START MATERIAL PROVIDED

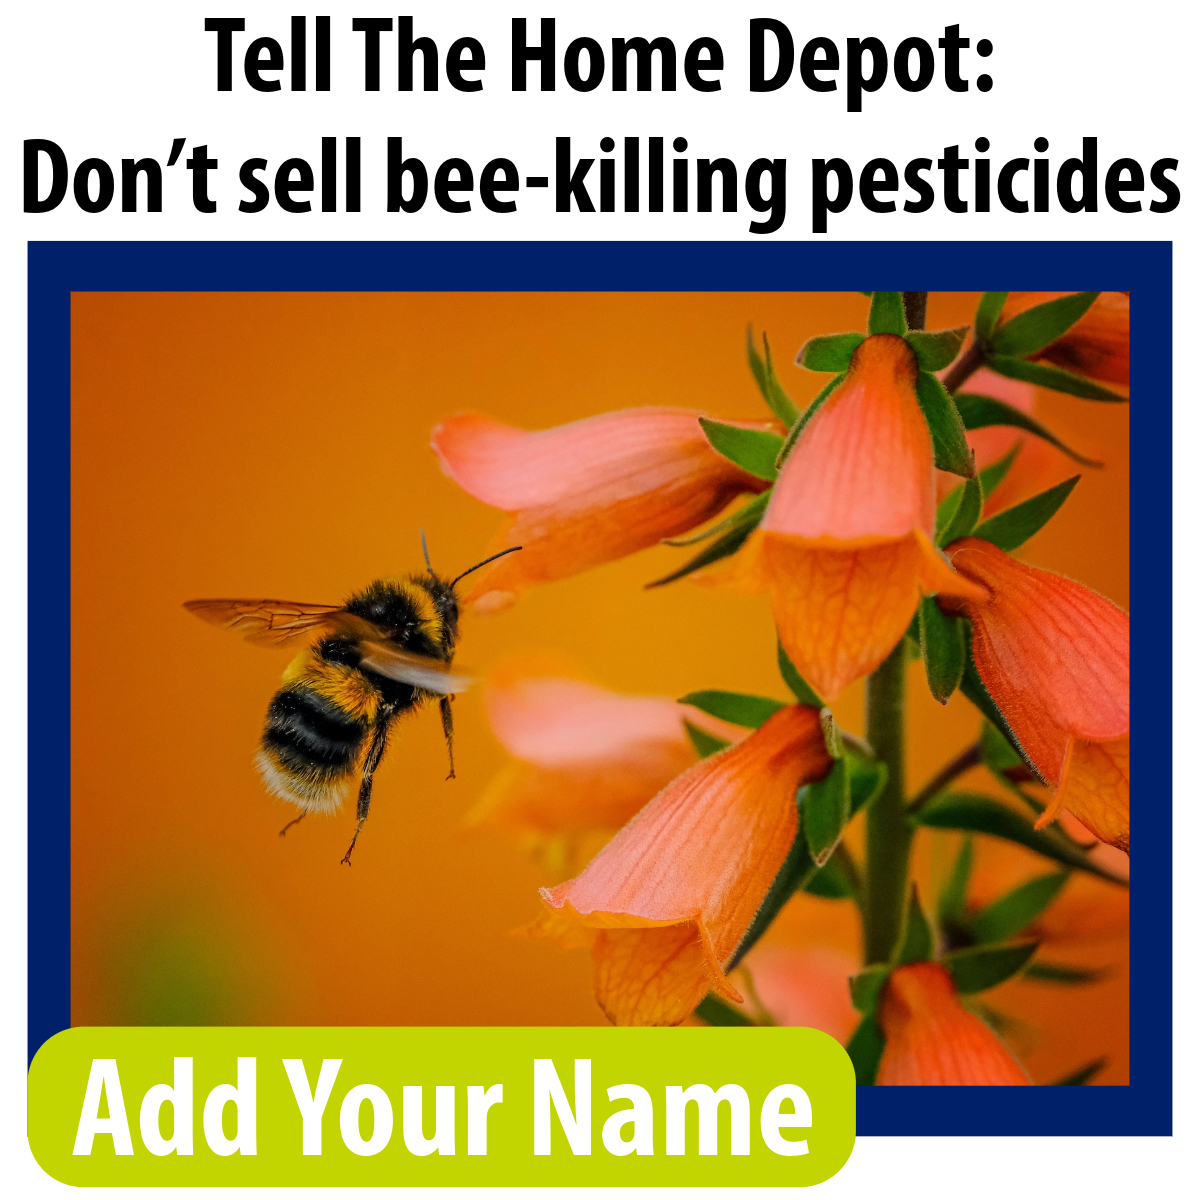 Tell The Home Depot: Don't sell bee-killing pesticides. Add your name
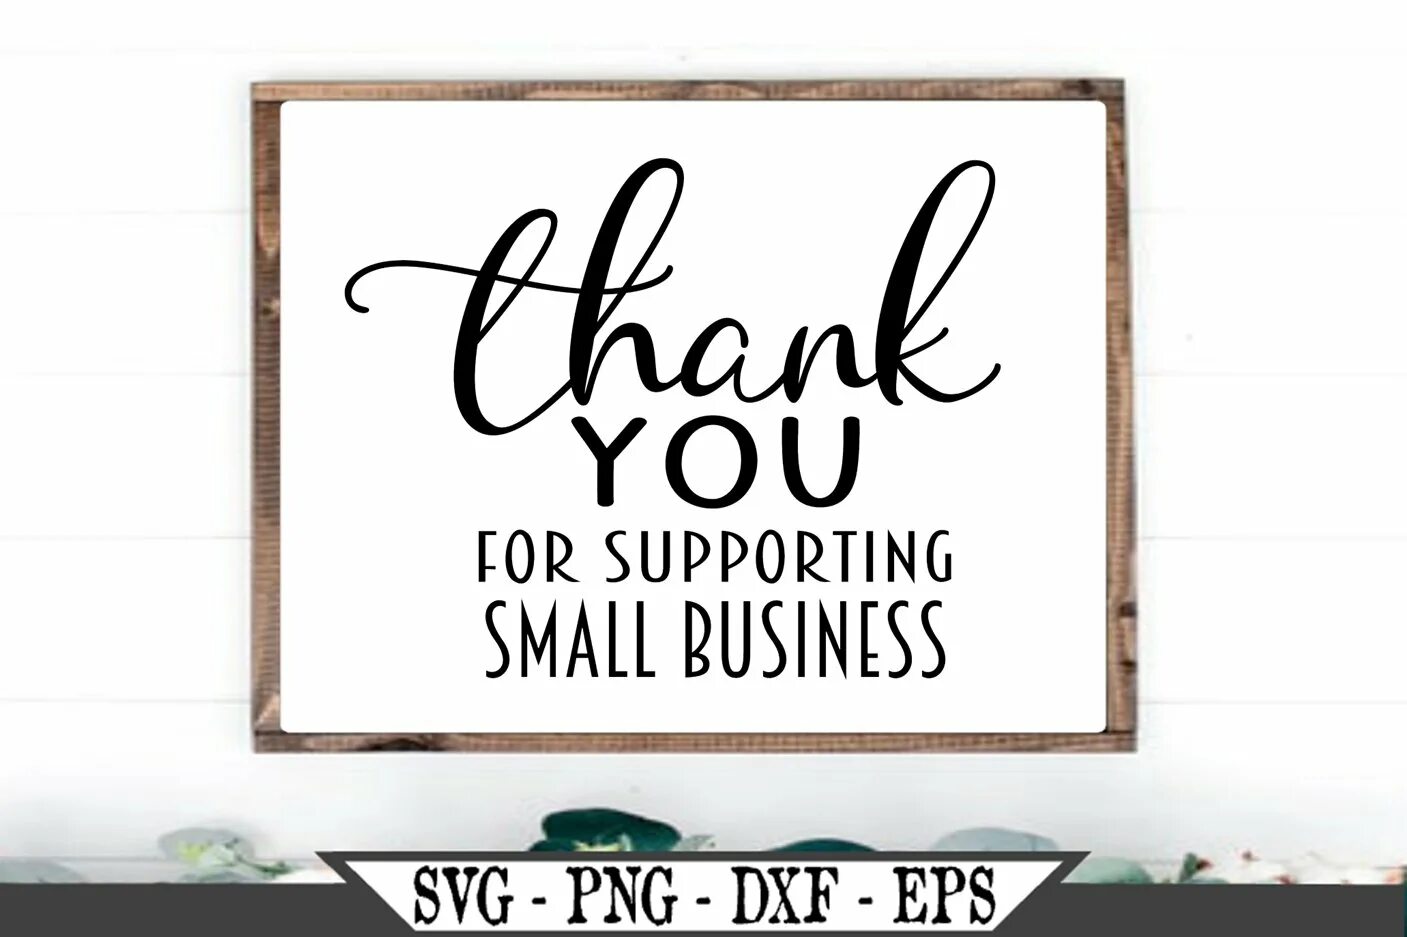 Thank you for supporting my small Business. Thank you Business. Thank you Card for small Business. Thank you for supporting small Business.
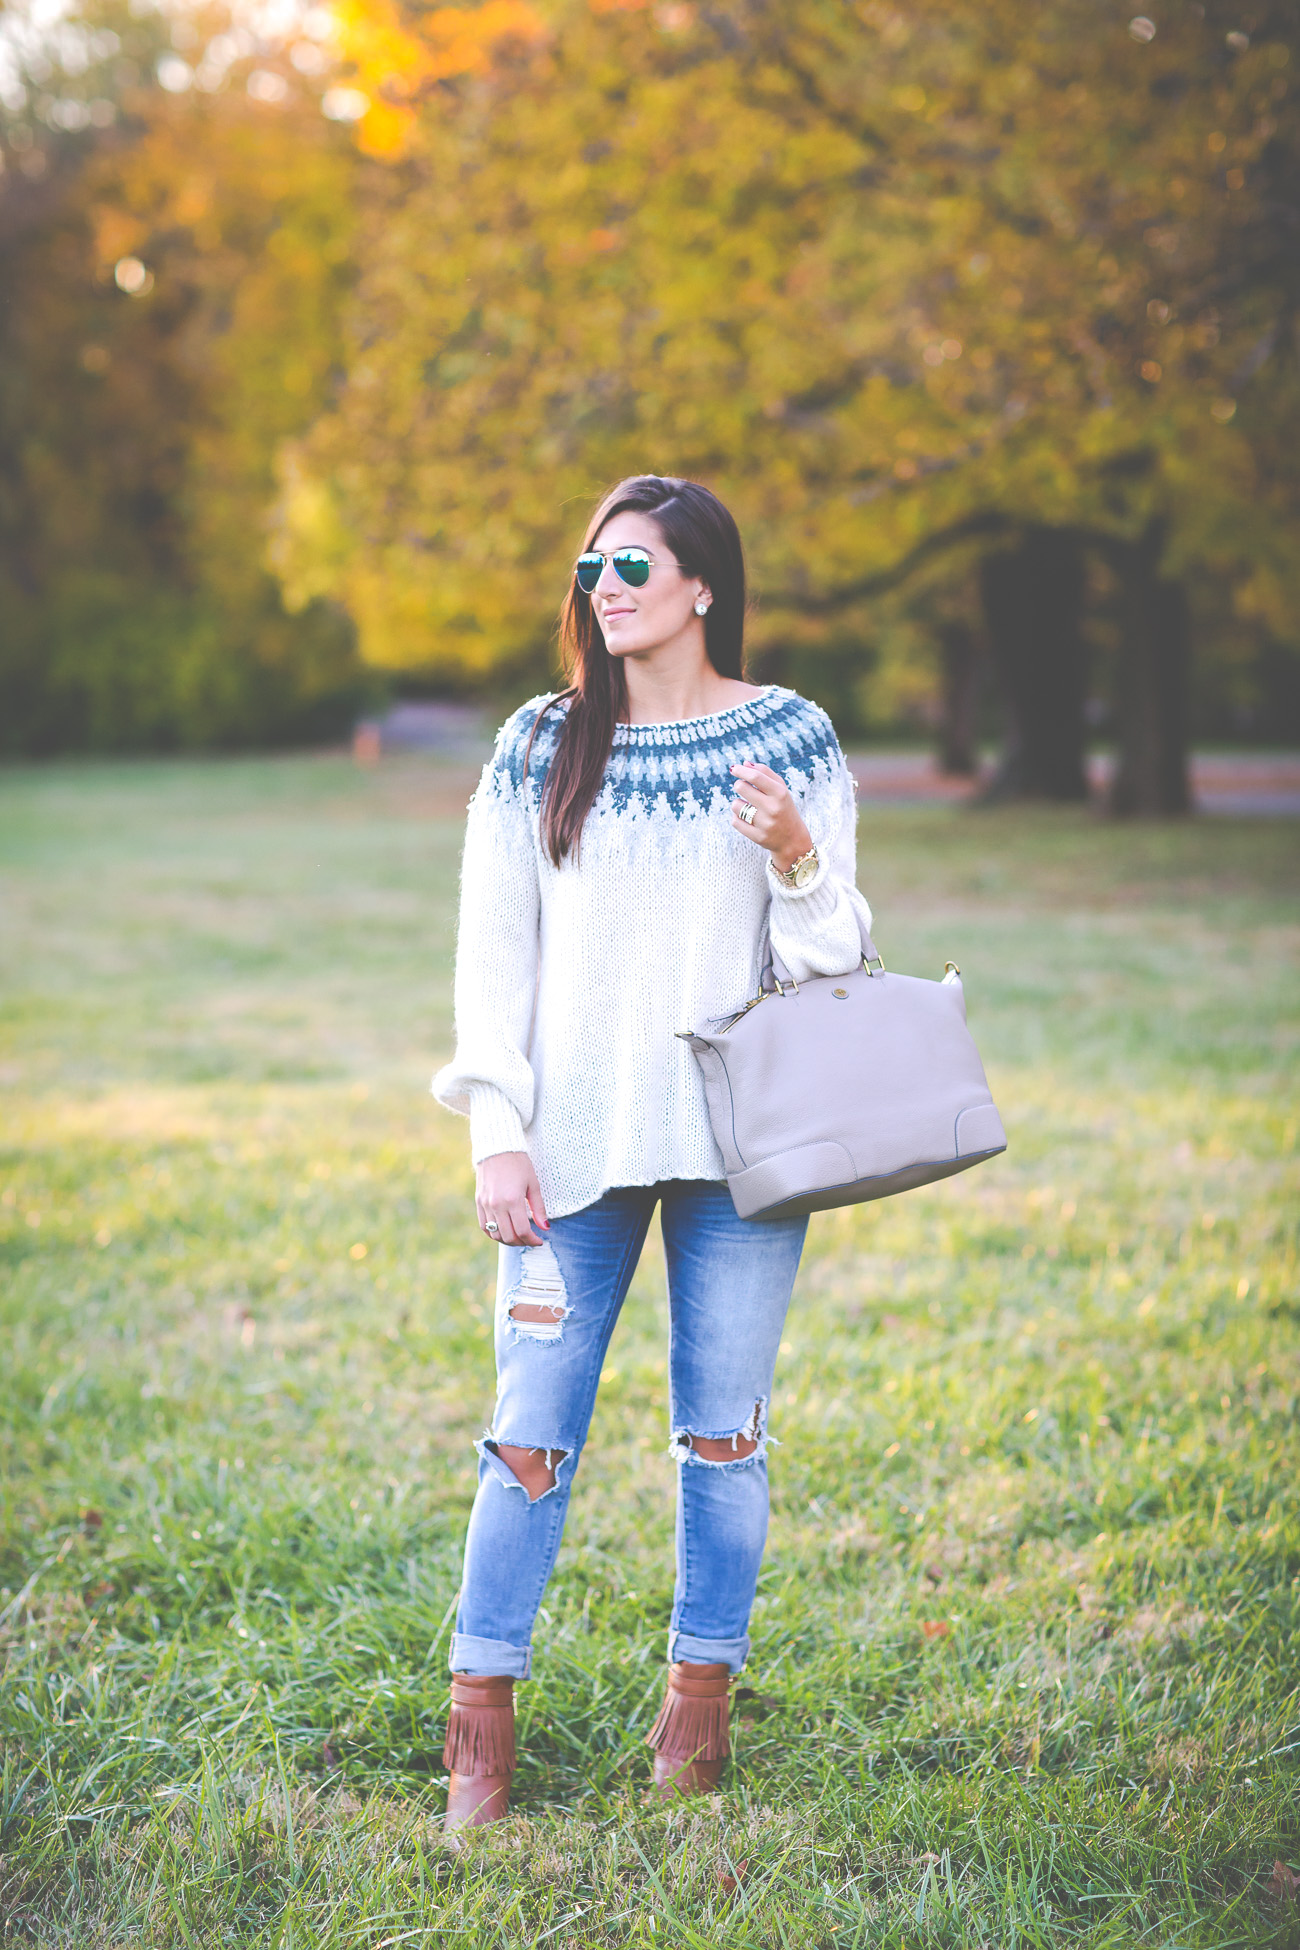 fair isle sweater, free people sweater, fall style, fall fashion, fall outfit ideas, distressed jeans, fringe booties, fringe boots, preppy fall style // grace wainwright from a southern drawl
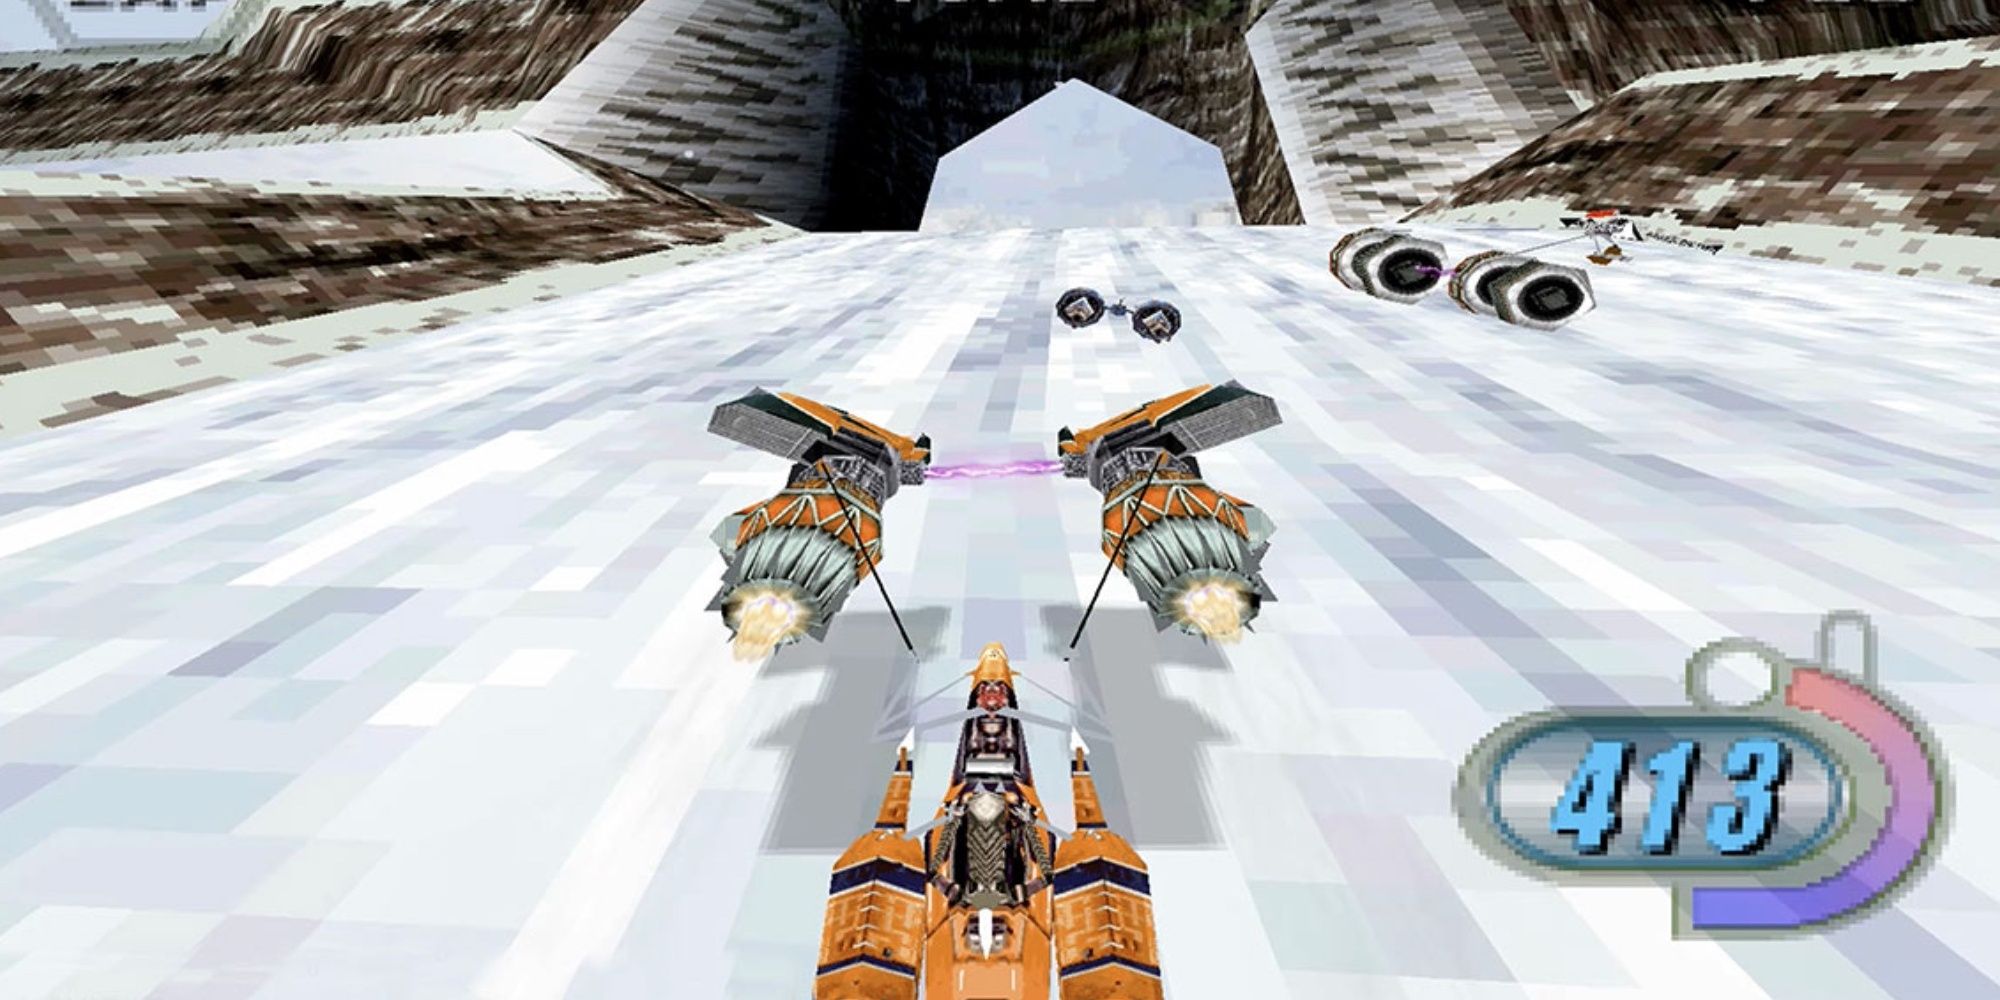 Sebulba's Pod flies to the finish with two other pods over a snowy track in Star Wars Ep 1 Racer.

END MATERIAL PROVIDED

**ASSIGNMENT:**
Exactly those lines that run from the line holding "fair isle sweater, free" to the end of the listing above, both included, are to be reproduced, with pictures left out.

**PROBLEM SOLUTION:**
 fair isle sweater, free people sweater, fall style, fall fashion, fall outfit ideas, distressed jeans, fringe booties, fringe boots, preppy fall style // grace wainwright from a southern drawl
 Sebulba's Pod flies to the finish with two other pods over a snowy track in Star Wars Ep 1 Racer.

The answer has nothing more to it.